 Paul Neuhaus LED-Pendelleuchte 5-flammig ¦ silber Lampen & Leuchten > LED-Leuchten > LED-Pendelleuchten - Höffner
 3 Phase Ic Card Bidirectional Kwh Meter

· · · · ·

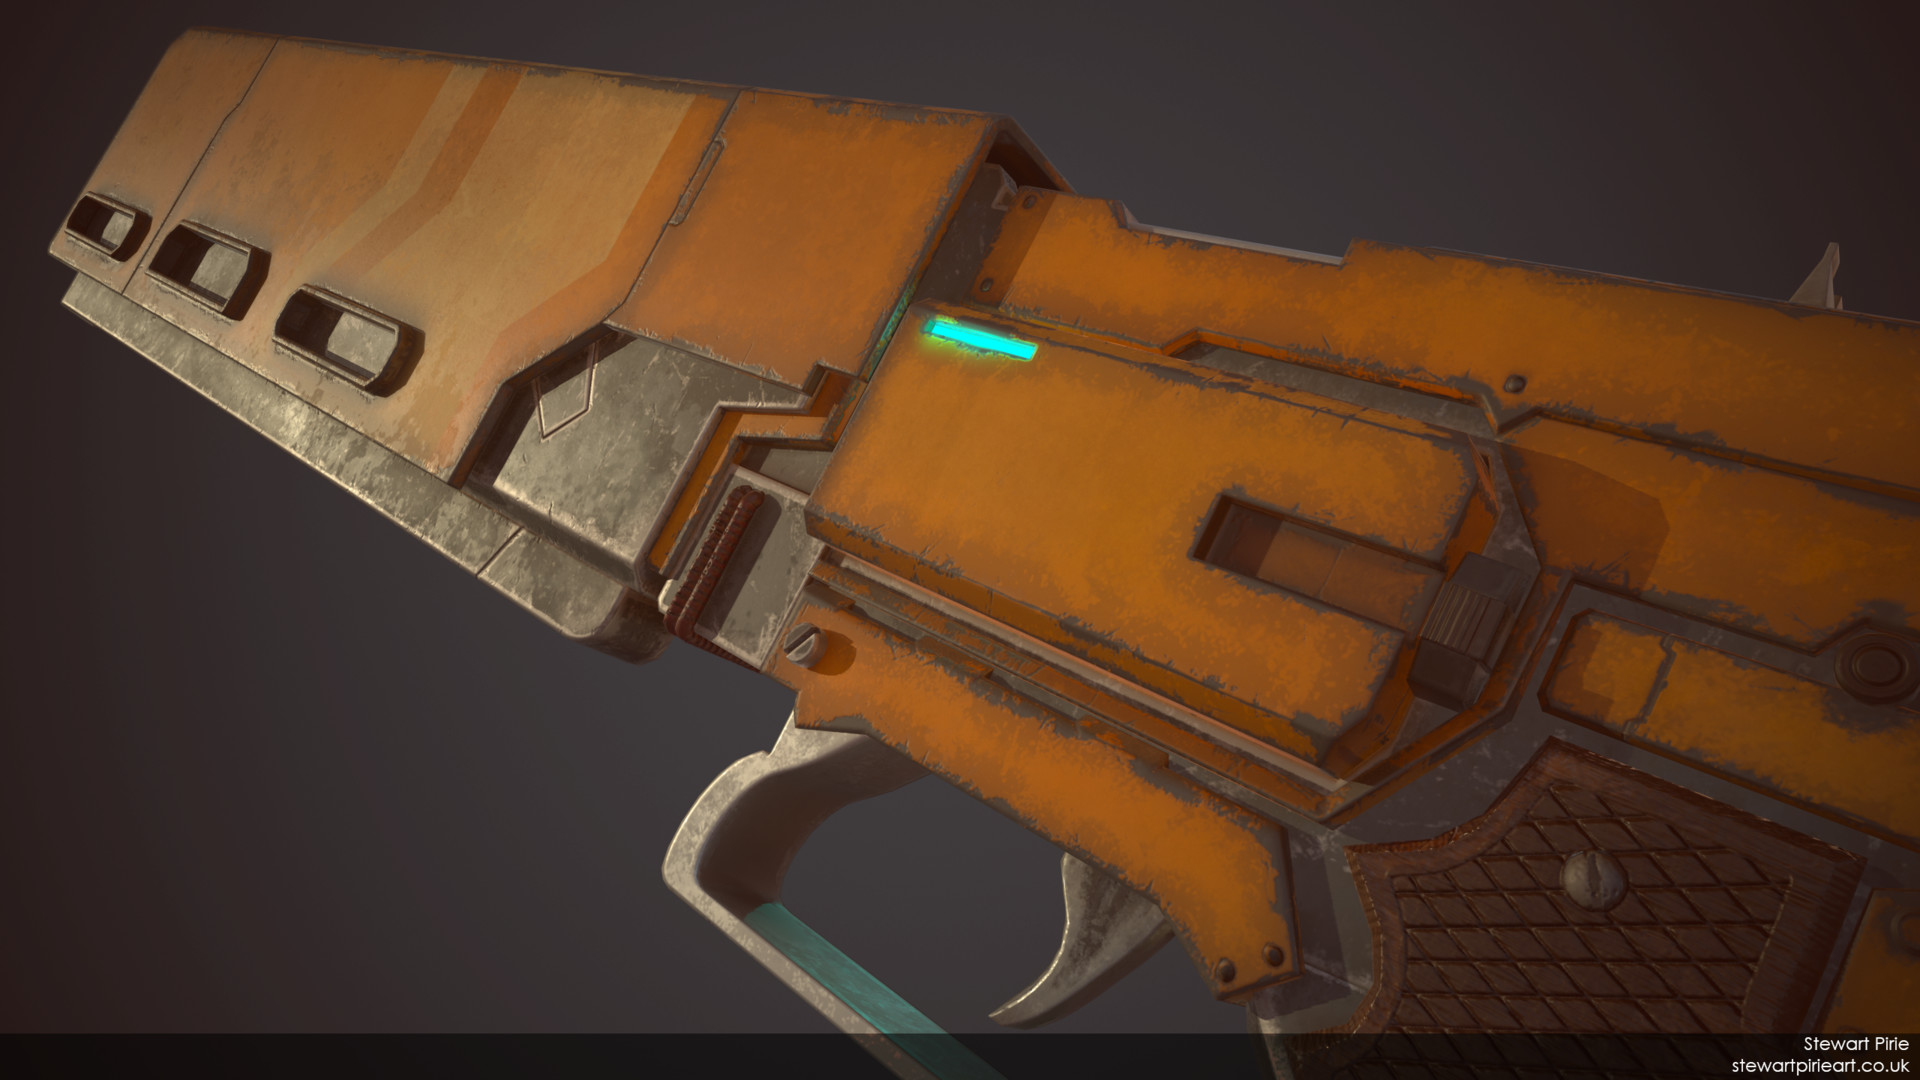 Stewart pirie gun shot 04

· · · · ·

*WHAT TO WORK ON*. Looking at the entries above, can you reproduce exactly the lines from the one that holds "Paul Neuhaus LED-Pendelleuchte" through the one that holds "3 Phase Ic Card Bidirectional Kwh Meter", and only those?

*SOLUTION TO THIS PROBLEM*.
 Paul Neuhaus LED-Pendelleuchte 5-flammig ¦ silber Lampen & Leuchten > LED-Leuchten > LED-Pendelleuchten - Höffner
 3 Phase Ic Card Bidirectional Kwh Meter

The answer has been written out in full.